Go to your terminal and run each command.
ssh-keygen -t rsa -f ~/.ssh/id_rsa_fulltime -C "[email protected]"
ssh-keygen -t rsa -f ~/.ssh/id_rsa_portfolio -C "[email protected]"
ssh-keygen -t rsa -f ~/.ssh/id_rsa_personal -C "[email protected]"
The first command is going to create a SSH key for full time account that are connected with the specified Github email: [email protected] and save it into the specified path: ~/.ssh/id_rsa_fulltime
.
The second and third commands do the same thing respectively for portfolio account and personal account.
Adding SSH Keys Into SSH Authentication Agent
ssh-add ~/.ssh/id_rsa_fulltime
ssh-add ~/.ssh/id_rsa_portfolio
ssh-add ~/.ssh/id_rsa_personal
Creating SSH Config File
Now you need to go to ~/.ssh
and create a file named config
inside it.

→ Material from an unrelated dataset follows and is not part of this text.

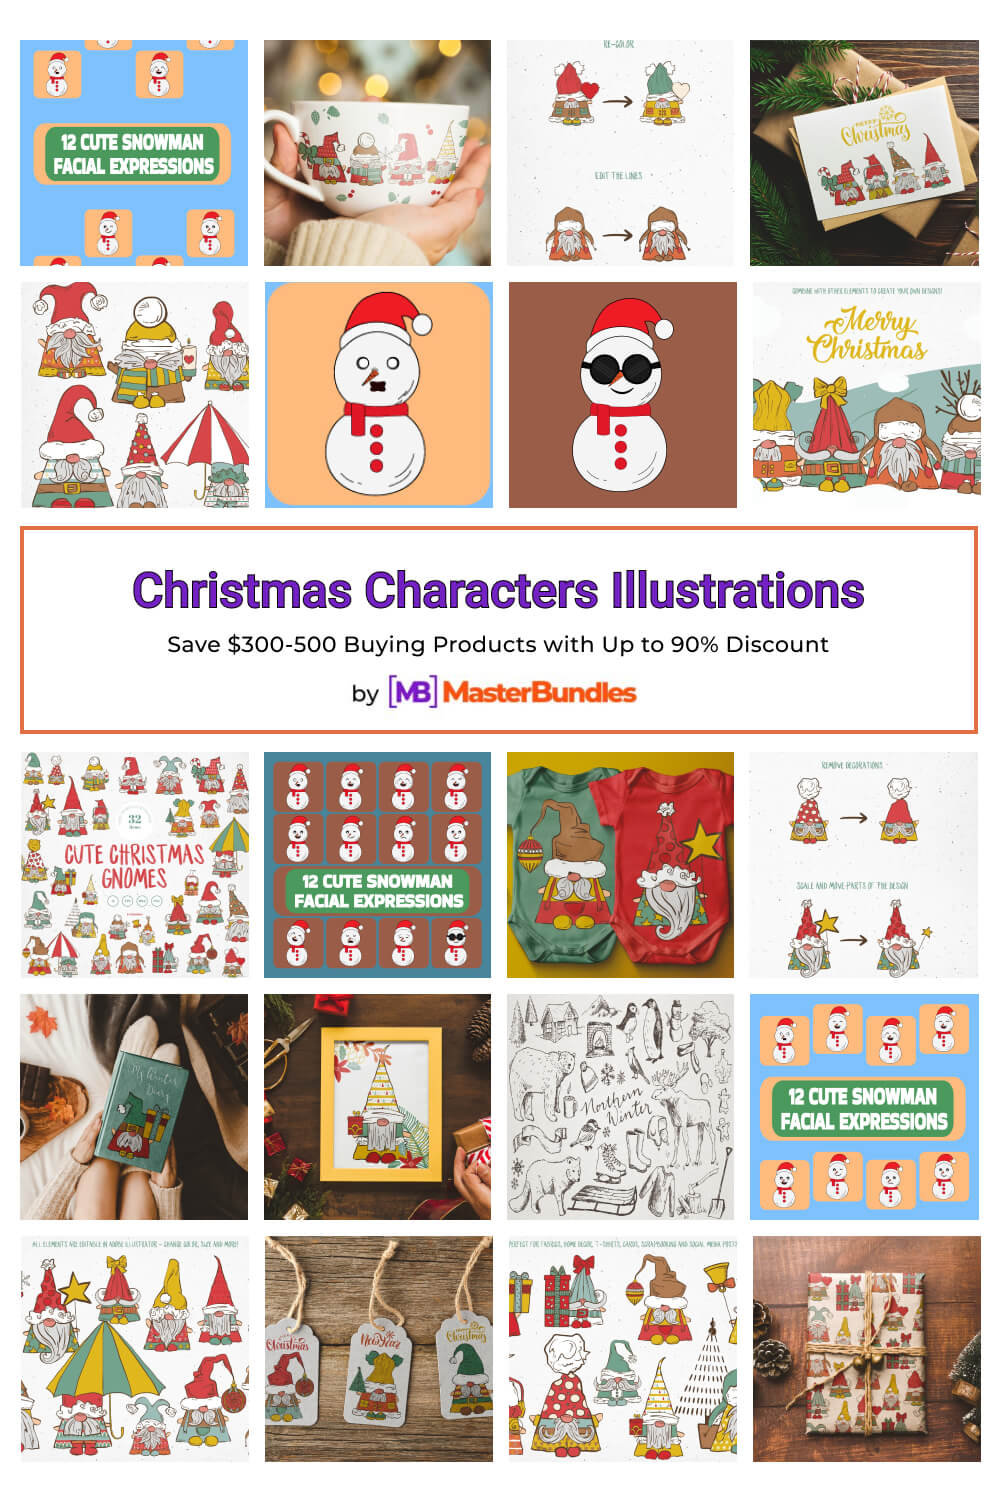 christmas characters illustrations pinterest image.

Open it with vim or other text editor and add the following configurations.
Host *
AddKeysToAgent yes
IdentitiesOnly yes
Host github.com-fulltime
HostName github.com
IdentityFile ~/.ssh/id_rsa_fulltime
Host github.com-portfolio
HostName github.com
IdentityFile ~/.ssh/id_rsa_portfolio
Host github.com-personal
HostName github.com
IdentityFile ~/.ssh/id_rsa_personal
Host *
means the config will be applied to every host, not only github.com-prefix
.
AddKeysToAgent
tells SSH to remember your passphrase, so you don't need to enter it every time, only on every new login session.
IdentitiesOnly
is the gotcha I mean earlier. Let's say you are currently authenticated with fulltime account, and you want to switch to personal account. If you did not specify it, SSH will continue to use the first authenticated SSH key even though we have already specified different SSH key for each account, in this case it will continue to use fulltime SSH key for each account.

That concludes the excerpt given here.